According to the Ministry of Health Promotion and Sport of Ontario, in 1995, approximately 30% of Ontarians used bicycles recreationally and less than 1% in competition. Cycling ranked second to motor vehicle incidents with respect to non-fatal transport-related injuries, accounting for 15% of hospitalizations, 21% of emergency room visits, 17% of cases of permanent partial disability and 16% of permanent total disability in 2004. Cycling incidents account for a significant portion of the injury costs arising from transport incidents – $0.44 billion or 12% of total costs. Bicycles, in particular, are identified as one of the top three most frequent products that result in injuries to children and youth between 5 and 19 years.

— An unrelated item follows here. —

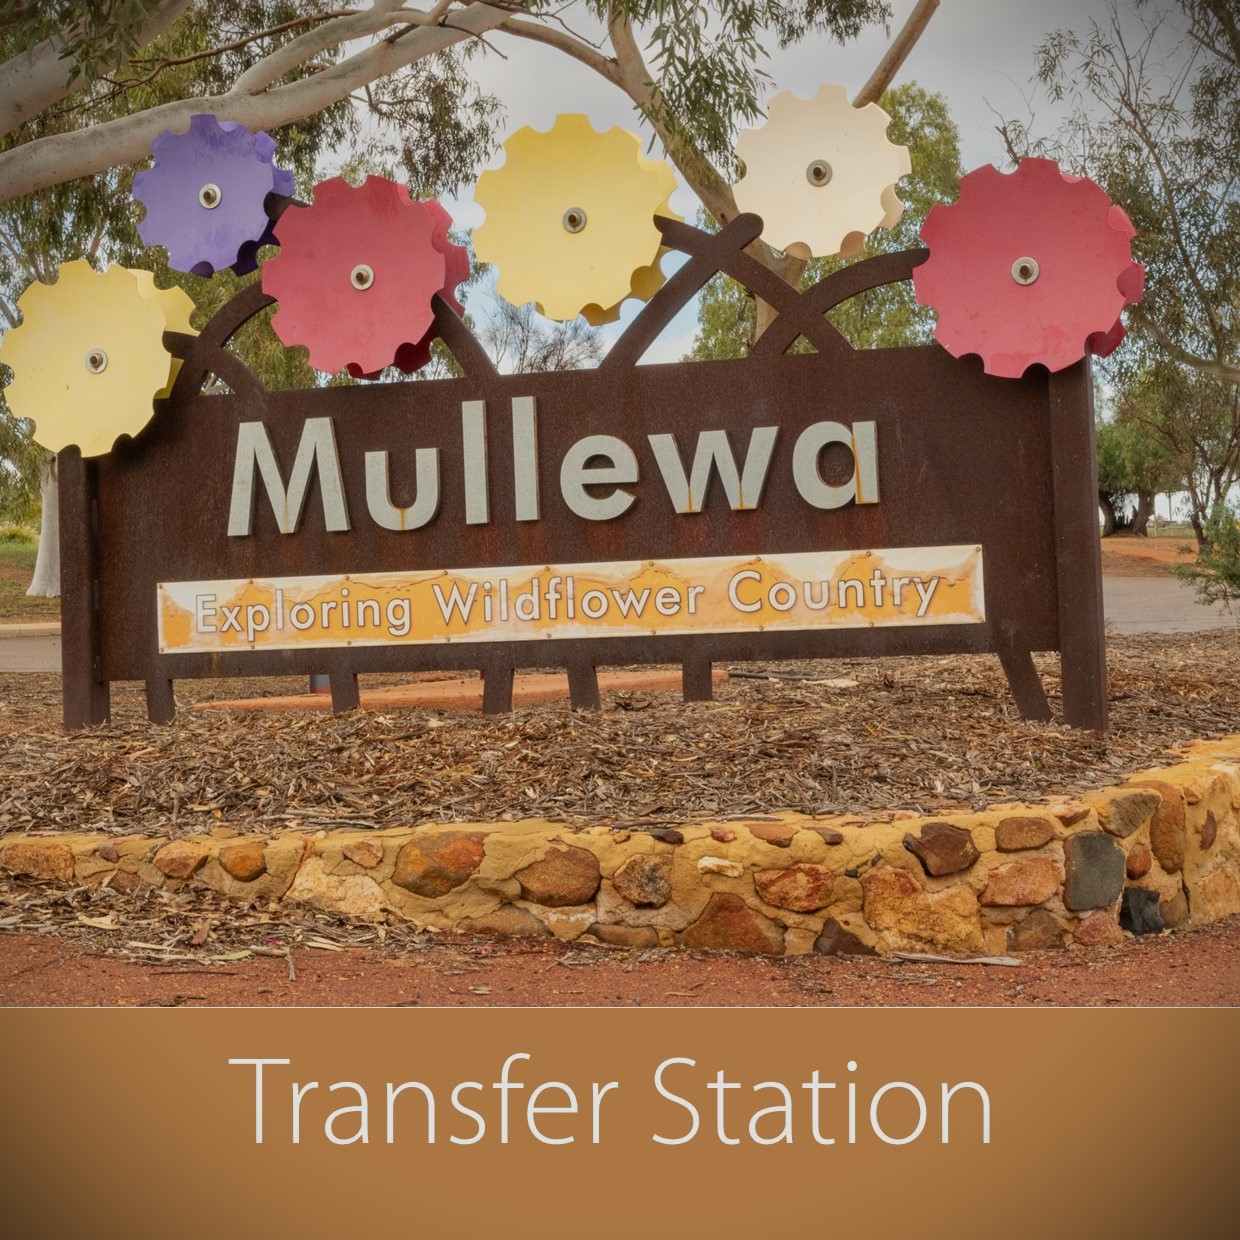 Mullewa Transfer Station

Bicycle Accidents Statistics (2007-2008)

  • 10% (n = 435) of the major trauma cases that were injured while involved in a sports or recreational activity.
  • 8% of cases (n = 54) for Ontarians younger than 20 years.
  • 48% (n = 70) of cycling incidents in Ontarians younger than 35 years and 1.8% (n=16) among those 20–34 years. 3% (n = 145) of all cases and 2% (n = 12) of all in-hospital deaths. For these cases:
    • The mean age was 36 years.
    • 80% were male (n=86).
    • The mean Injury Severity Score was 24.
    • The mean length of stay was 12 days.
    • The most common sports and recreational injuries documented (25%, n = 109).
    • 80% of injured cyclists were male (n=86).

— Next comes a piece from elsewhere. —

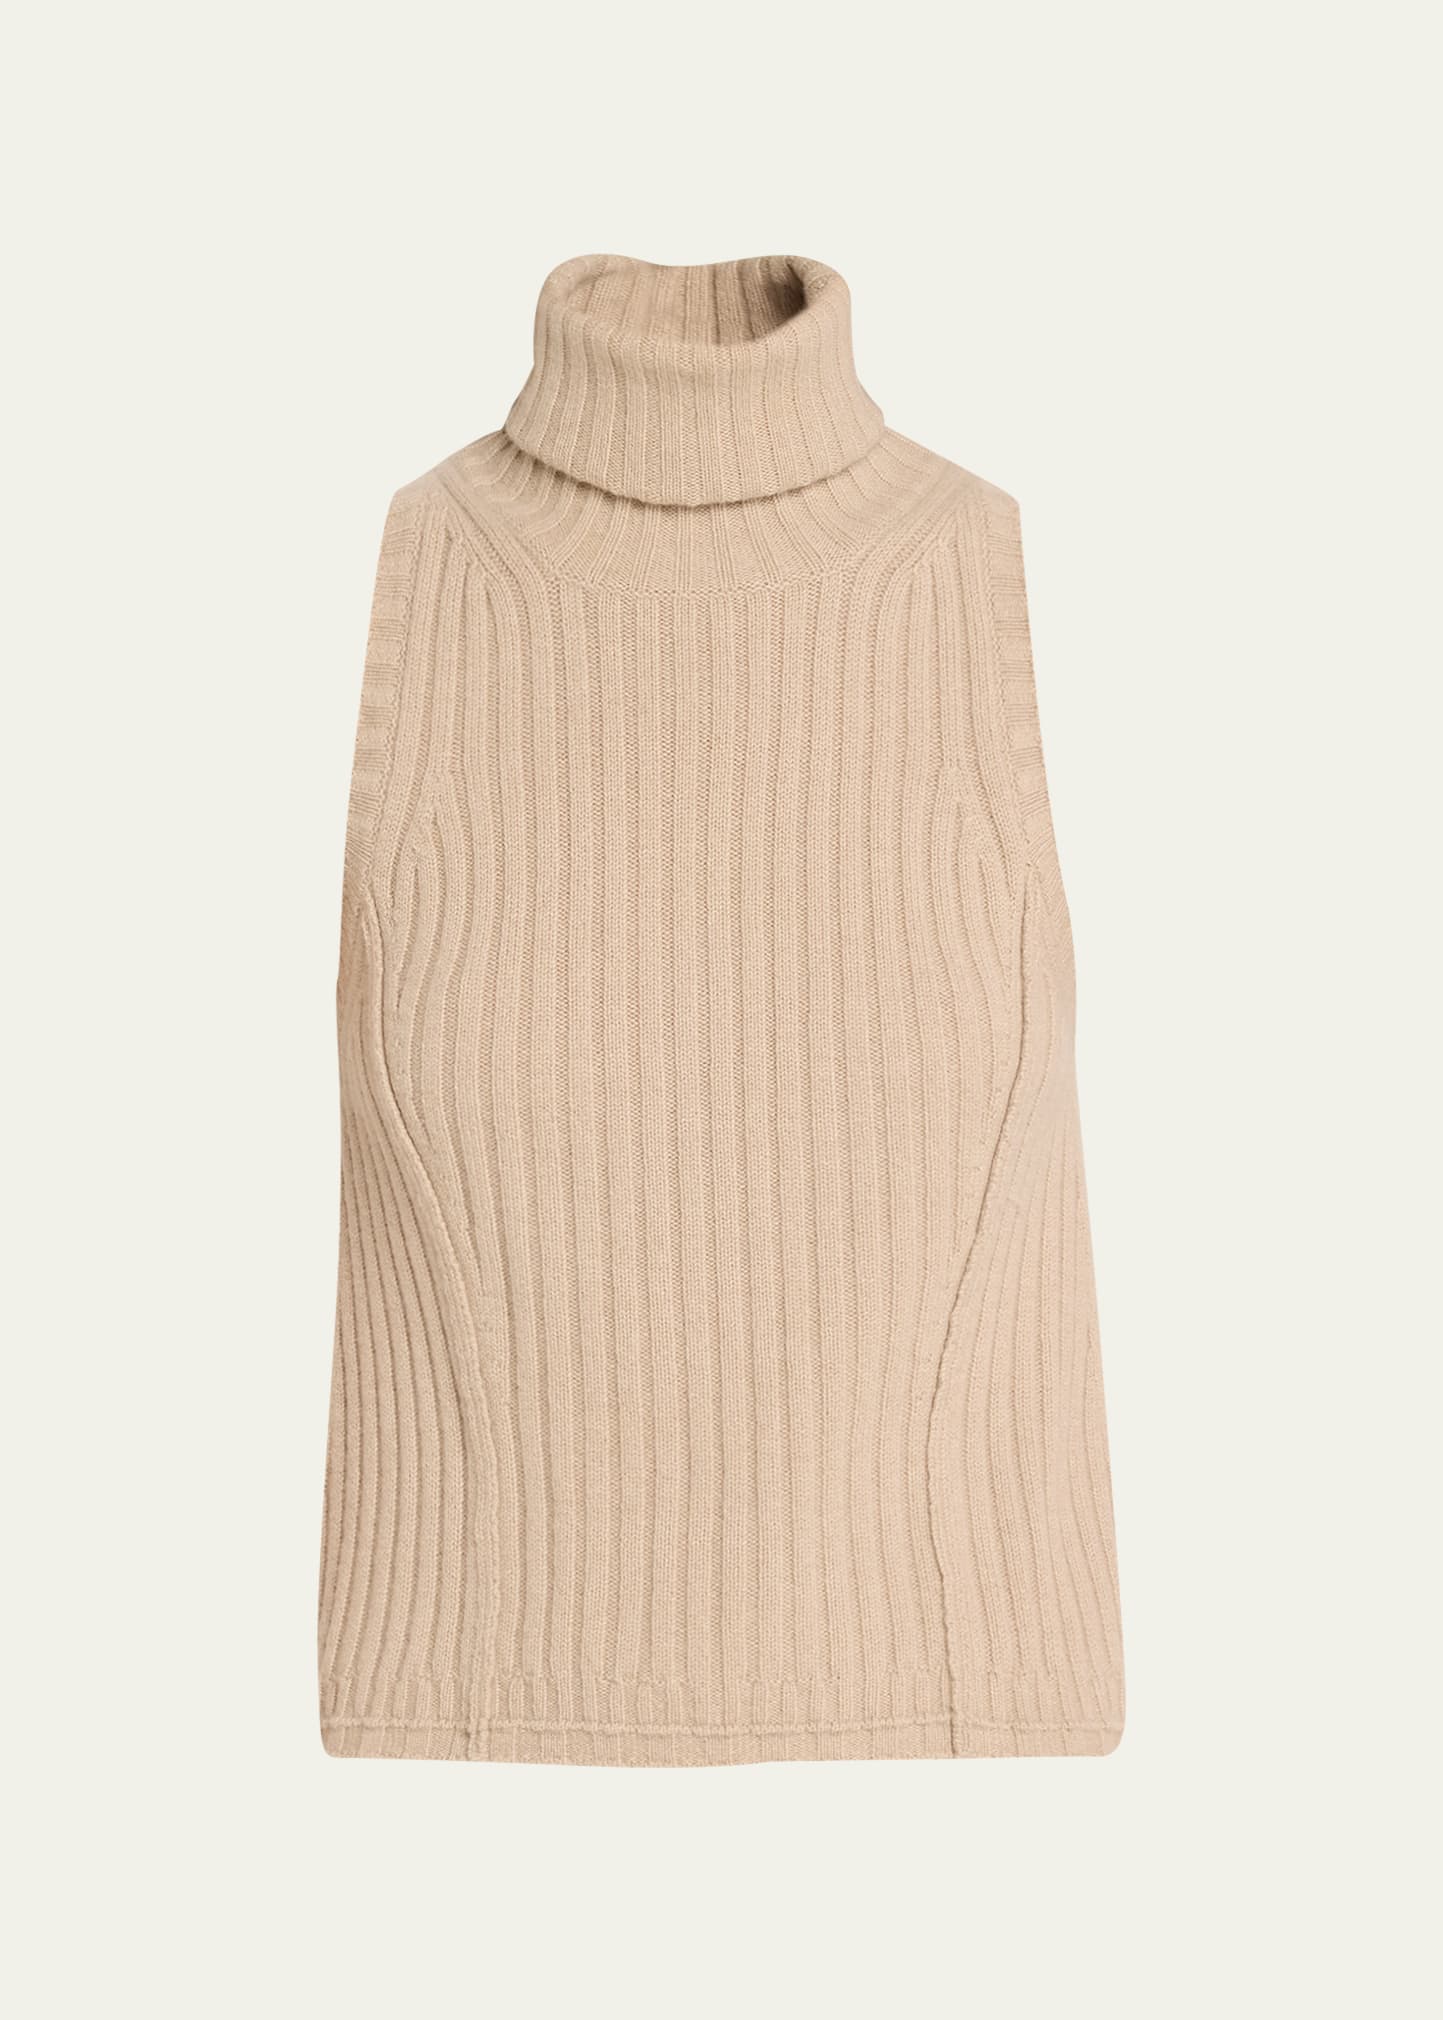 Simkhai Tilda Cashmere And Wool Sleeveless High-neck Top In Light Driftwood

Current Ontario Legislation for Cycling

Research has demonstrated that helmets are effective in preventing head injury because 75% of cycling-related fatalities involve head injuries. Bicycle helmet legislation in Ontario is contained within the Highway Traffic Act (HTA) Ontario Highway Traffic Act:

  • Anyone under the age of 18 years is required to wear an approved bicycle helmet when travelling on a public road. The fine for not wearing a helmet is $75.00 ($60 + $5 court cost + $10 victim fine surcharge).
  • Cyclists 18 years and older, while not required by law to wear a helmet, are encouraged to do so for their own safety.
  • Bicycle helmets approved for use in Ontario contain one or more stickers of the following organizations:
    • Canadian Standards Association: CAN/CSA D113.2-M89
    • Snell Memorial Foundation: Snell B90, Snell B90S, or Snell N94
    • American National Standard Institute: ANSI Z90.4-1984
    • American Society For Testing and Materials: ASTMF1447-94
    • British Standards Institute: BS6863:1989
    • Standards Association of Australia: AS2063.2-1990
  • New bicycle helmets in Canada should provide either the CSA or the CPSC standard. The CPSC standard is comparable to the CSA standard. Helmets with British or Australian standards are not widely available in the Canadian market but are safe to use.
  • Studies have found a positive effect of bicycle helmet laws for increasing helmet use and reducing head injuries in the target population compared to controls (either jurisdictions without helmet laws or non-target populations).
  • Anyone operating an electric bicycle must wear an approved bicycle helmet at all times.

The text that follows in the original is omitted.